Black Coffee

It is raining outside nevertheless the sun is high up above, golden and round. I can hear the kids downstairs singing-

“It is raining, sunshine is shinning. There is a boil for the tortoise anus”.

I am in father’s study. A room loaded with books, quiet and grave with knowledge. There are many paintings about the wall, a wooden desk in a corner, a fluorescent bulb lighting the area a little. This is not where I read, this may not be where I write, this is why I cry.

But this is when father writes, this is when father had written for 25 year, this is why he had been writing since mother left. This is also where he foretells himself a whole lot. I sometimes listen on the door, my seven year-old feet raised a bit. His words are always incomprehensible. And whenever I looked throughout the keyhole, I see him smiling into space. Father has plenty of literary actively works to his credit, plenty of awards that was included with shiny prizes. Mother had once called him “a rich old writer who spoke with himself lots” in the feat of mild irritation. But I had never understood why mother left. So I remained with father, his books with his fantastic brown ceramic mug I served him coffee with each morning.

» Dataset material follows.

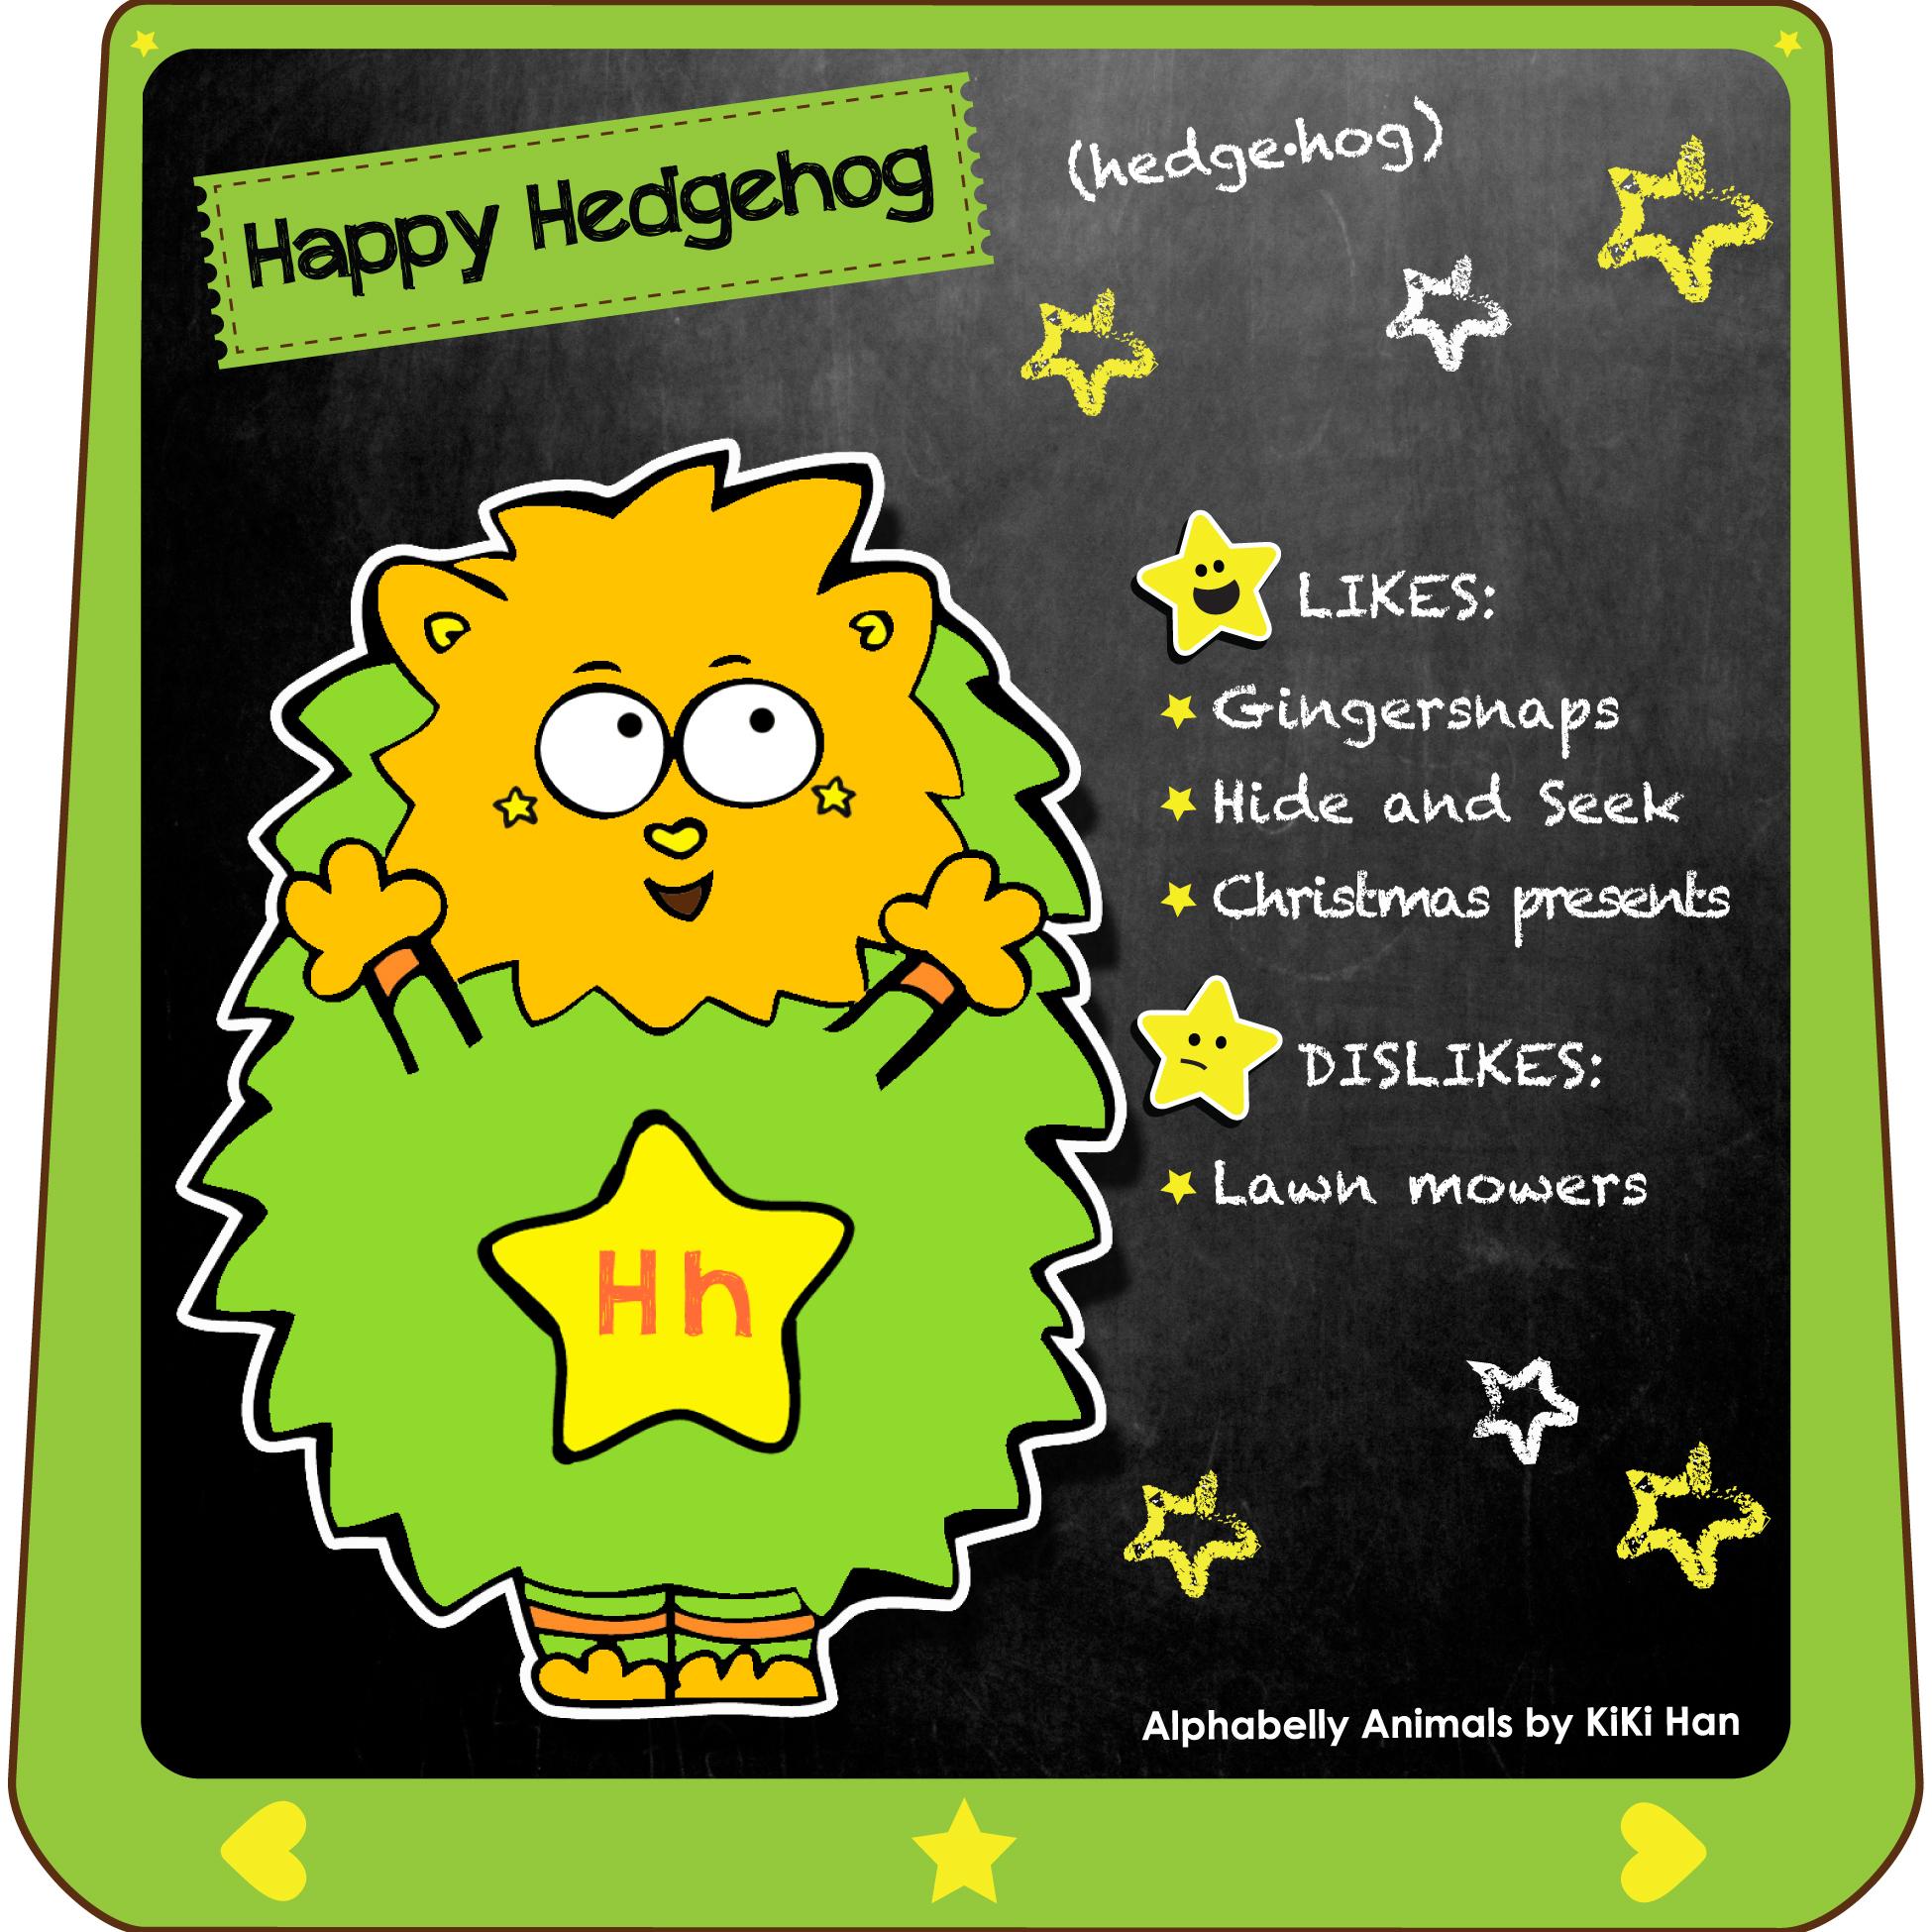 Hedgehog I KiKi Han I KiKiHan I GeekyKiKi I Geeky KiKi I Missgeekykiki I Cutiecons I Cutiecon I Cutie Con I Alphabellies I Alphabelly I A to Z Animal Poster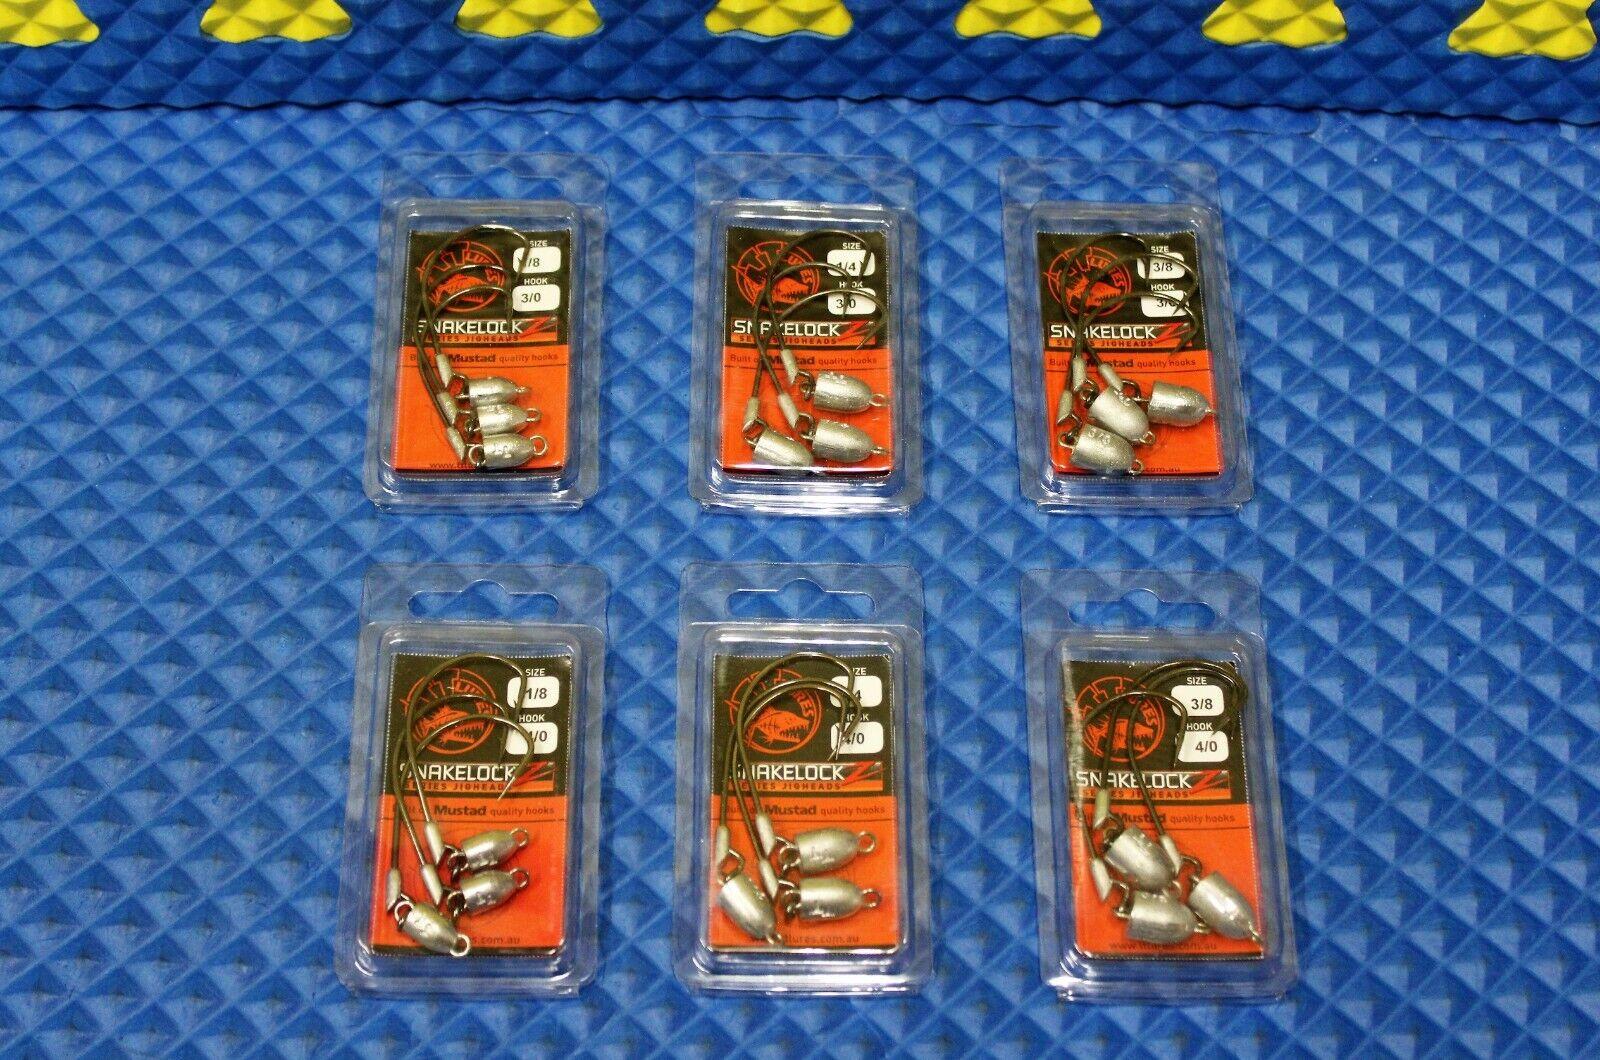 Z-Man Snakelockz Jigheads 3//0 Hooks 3-Pack CHOOSE YOUR WEIGHT

Father didn’t care much about his wealth- his lands in Isolo, Ikeja and Oshodi. His fleet of cars, his numerous accounts bulky with naira notes. Years after mother left, he previously had written more frequently, staying a long time in his study and I had worried he didn’t get enough rest nor food nor outside.
But I had lived the affluent life, the amount of money enabled life, smiling through education with no trouble, obtaining a job at the company on and on on vacations any time they want. And one evening, I had returned determined father within his study, bent over his books, lifeless. His morning coffee now cold and black and I had known I would forever hate coffee. But I hadn’t noticed the tears roll down my eyes, the slimy catarrh slip past my nostrils over my mouth. I had walked out towards the verandah and considered the streets, on the people that have for many years explored to this mansion father had built-in admiration. I had cried for the verandah and permit the world see my tears.

It is four years since father died but I still return from work and look his study. I still listen in the door to listen to his soliloquy if everything is silent, I walk in, shut the entrance, sit with a corner and cry.

So with this sunny-rainy afternoon, while your children sing downstairs, I sit within a corner of the area, around the bare floor contemplating father, about how precisely strangers would imagine gaming; it can be natural for anyone to feel jealous from the rich, to visualize the life with the rich, their choices- the things they like and what they have to dislike. To feel uncertain whenever they use the toilet or otherwise not. But people never picture the rich have emotions, that their emotions might be expressed through tears. That they could cry. That they do cry.